From this point the mirror can no longer be seen by clients unless they use direct URLs to it.

Step 5

Delete the remaining mirror files from the mirrors server (mirrors.phx.ovirt.org). The files would be at:

/var/www/html/repos/yum/$MIRROR_NAME

Using and updating mirrors for CI slaves

All the Jenkins slaves that are connected to the Jenkins server are also using the transactional mirrors. This includes any VM (e.g vm0049.workers-phx.ovirt.org), phsyical (BM) (e.g ovirt-srv18.ovirt.org) or an OpenShift Pod.
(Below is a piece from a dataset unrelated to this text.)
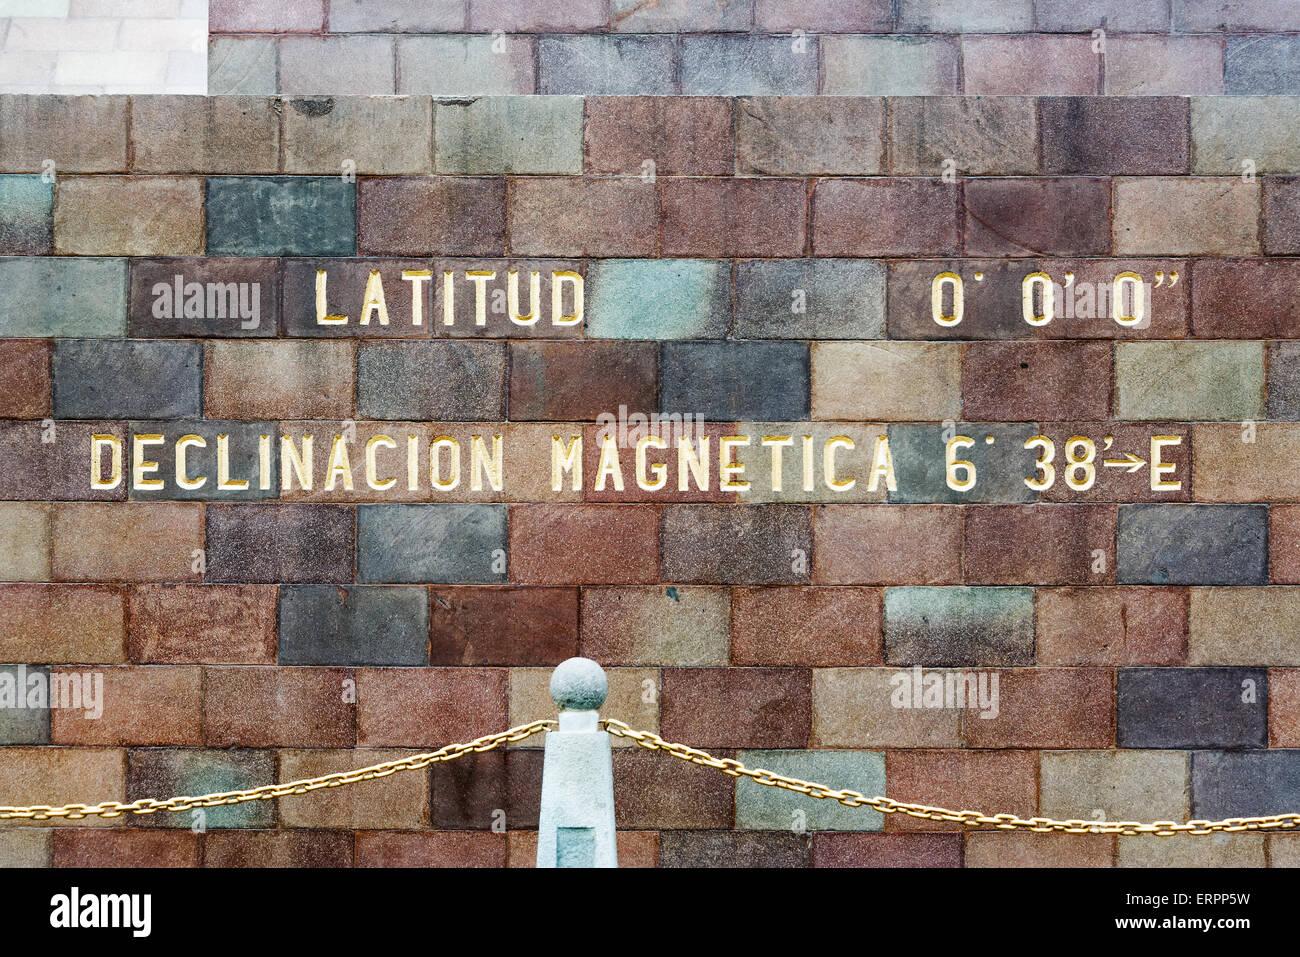 Monument to the equator in Quito, Ecuador displaying 0 degrees latitude - Stock Image

Every time a new job runs on Jenkins, the 'global_setup.sh' scripts disables all repos under /etc/yum.repos.d/ and uses the custom repos, defined in /etc/yum.conf, E.g:

[centos-base-el7]
name = CentOS-7 - Base
baseurl = http://mirrors.phx.ovirt.org/repos/yum/centos-base-el7/2016-12-13-13-30
gpgcheck = 1
gpgkey = file:///etc/pki/rpm-gpg/RPM-GPG-KEY-CentOS-7
proxy = _none_
skip_if_unavailable = true

Currently, those YUM repos are updated manually on demand ( when a new CentOS version Is out or a failure is reported on CI ). The update is done via patch to relevant file in Jenkins repo under data/slave-repos/ ( e.g centos7.conf- https://gerrit.ovirt.org/#/c/98482 ).